### Exercise description
Exactly reproduce the lines from the line bearing "Las palomas muertas" through the end of the listing, inclusive of both; pictures are to be omitted.

### Given information
━━━━

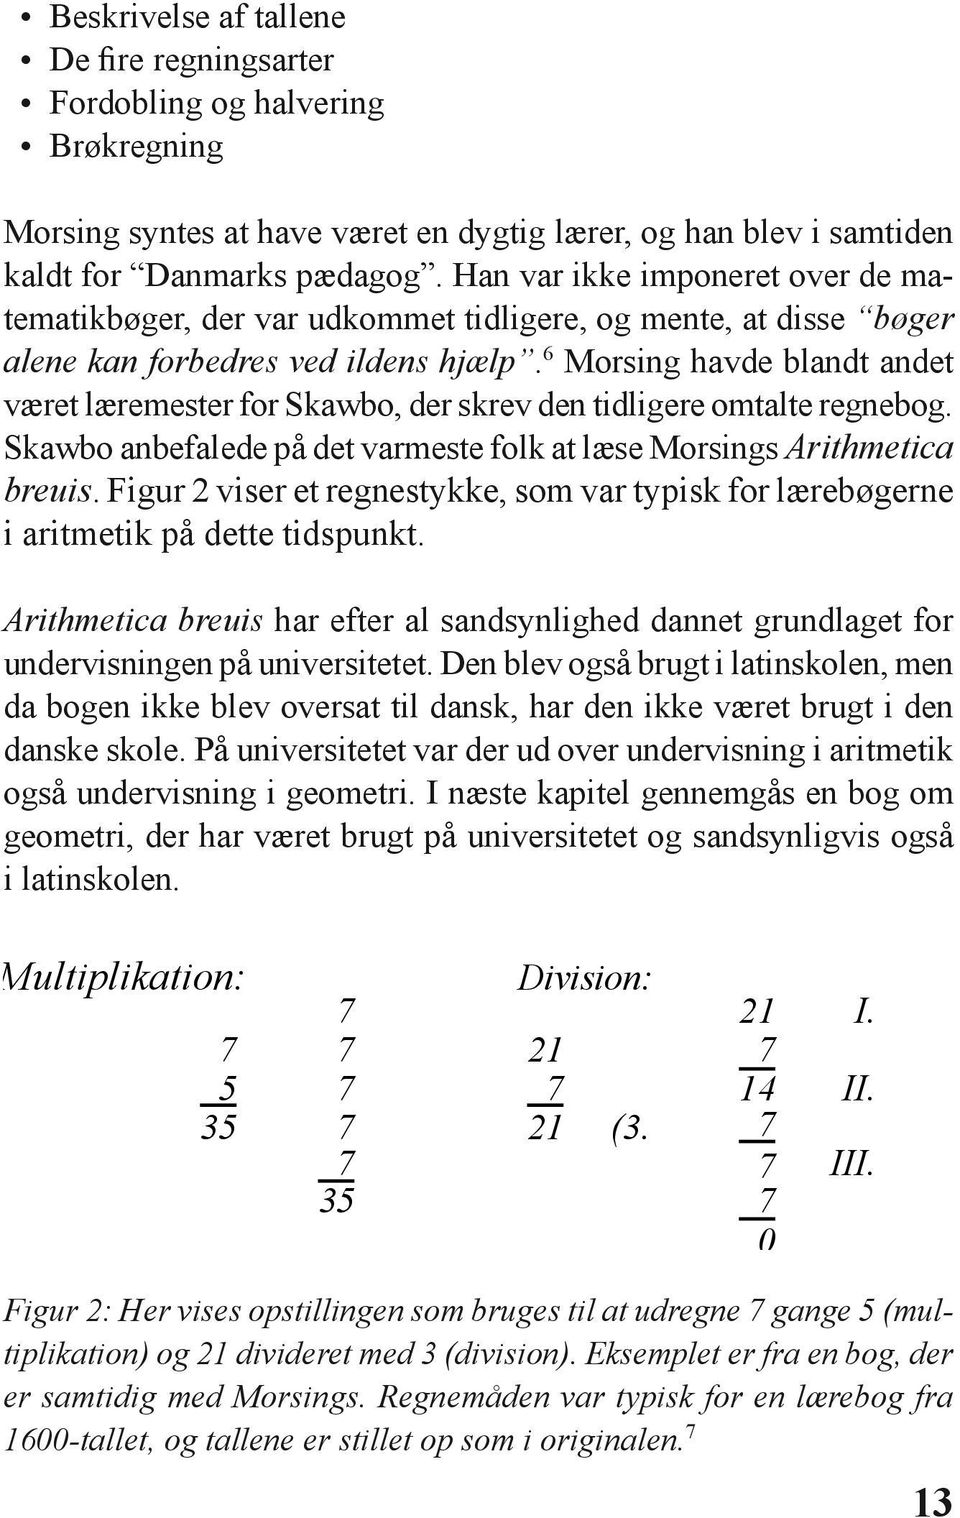 6 Morsing havde blandt andet været læremester for Skawbo, der skrev den tidligere omtalte regnebog. Skawbo anbefalede på det varmeste folk at læse Morsings Arithmetica breuis.
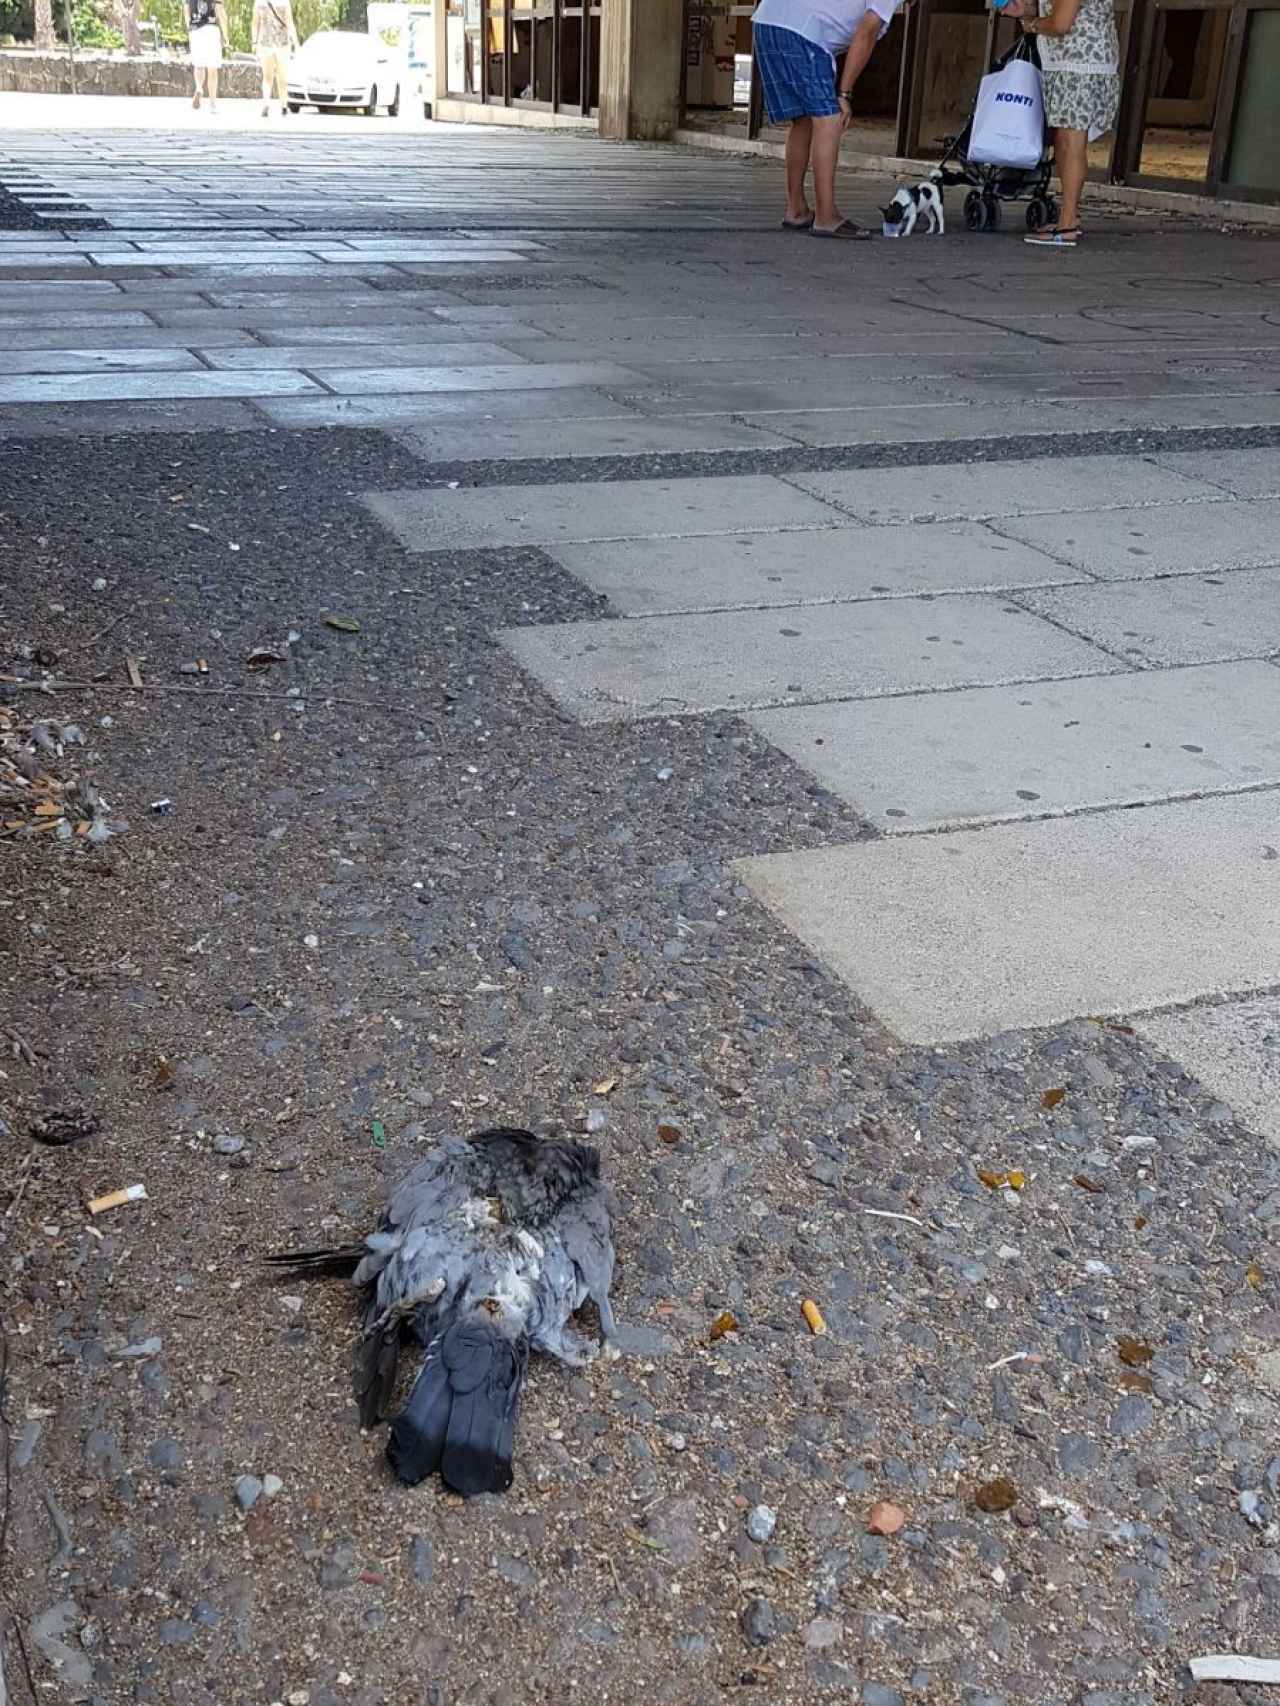 Las palomas muertas forman parte del paisaje urbano habitual de Ten-Bel
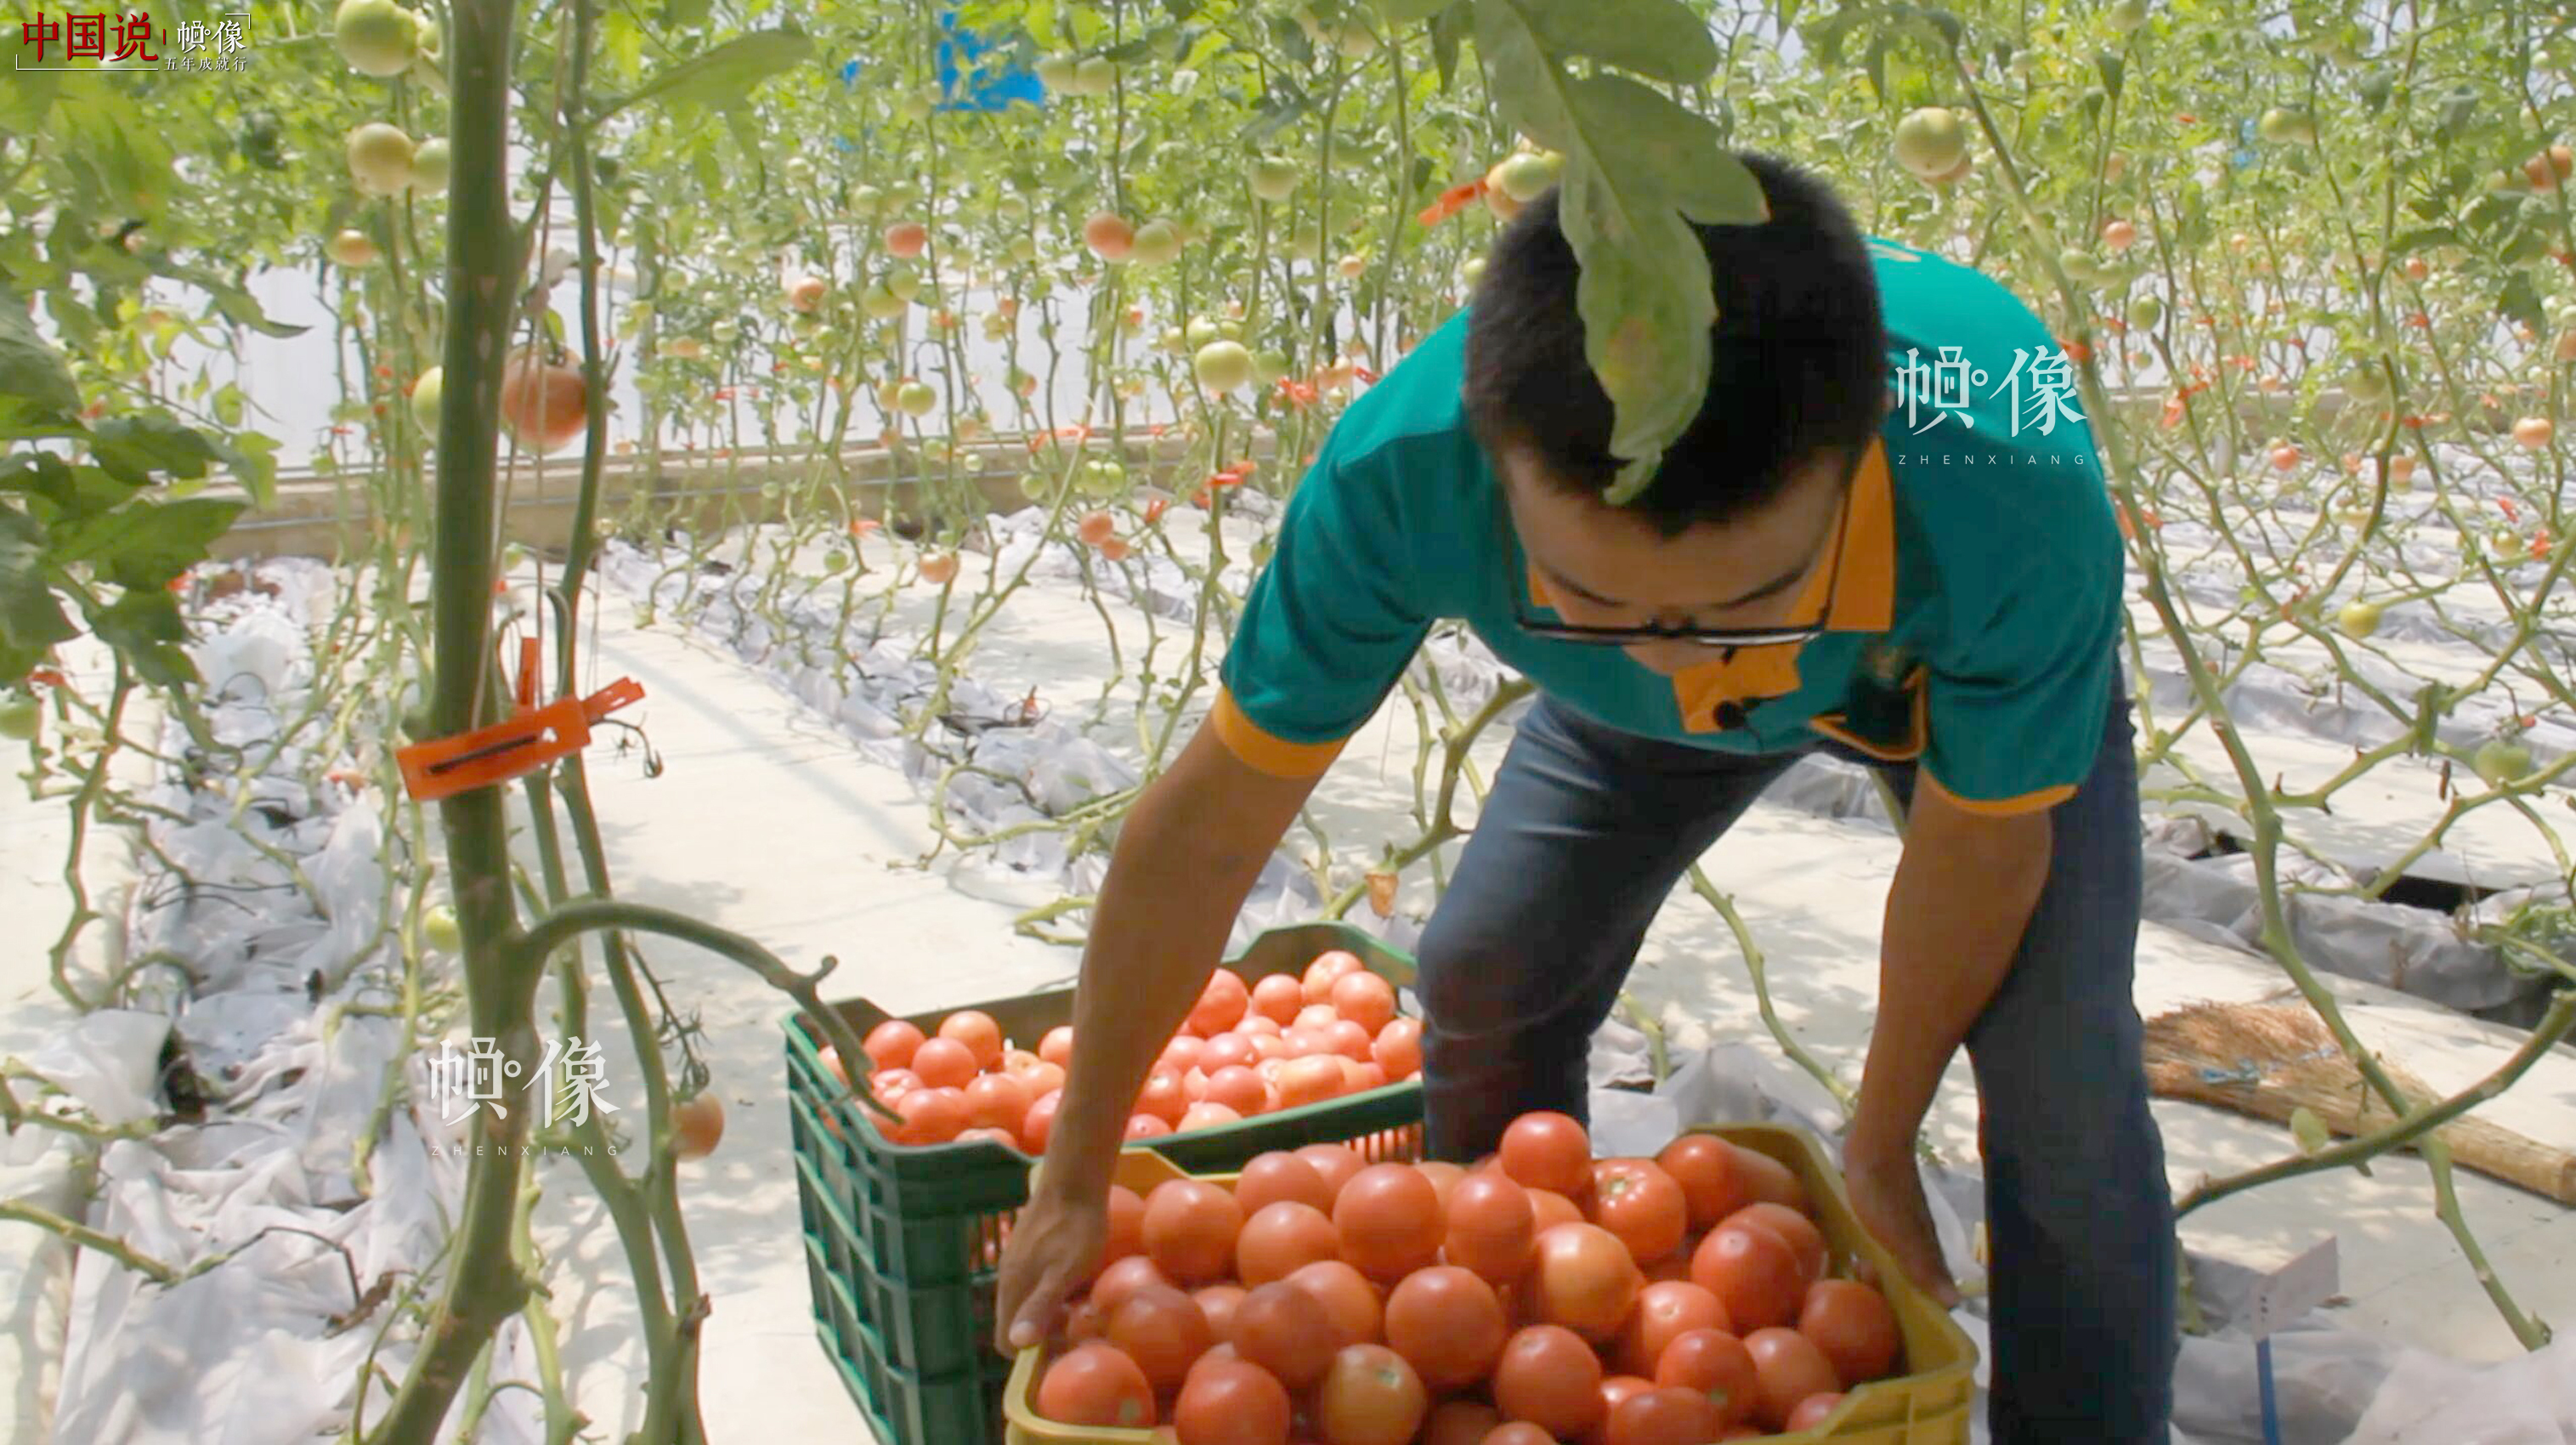 北京天安农业小汤山特菜基地技术员对蔬菜进行分拣。 中国网记者 赵超 摄

━━━━

### Task output
 Las palomas muertas forman parte del paisaje urbano habitual de Ten-Bel
 北京天安农业小汤山特菜基地技术员对蔬菜进行分拣。 中国网记者 赵超 摄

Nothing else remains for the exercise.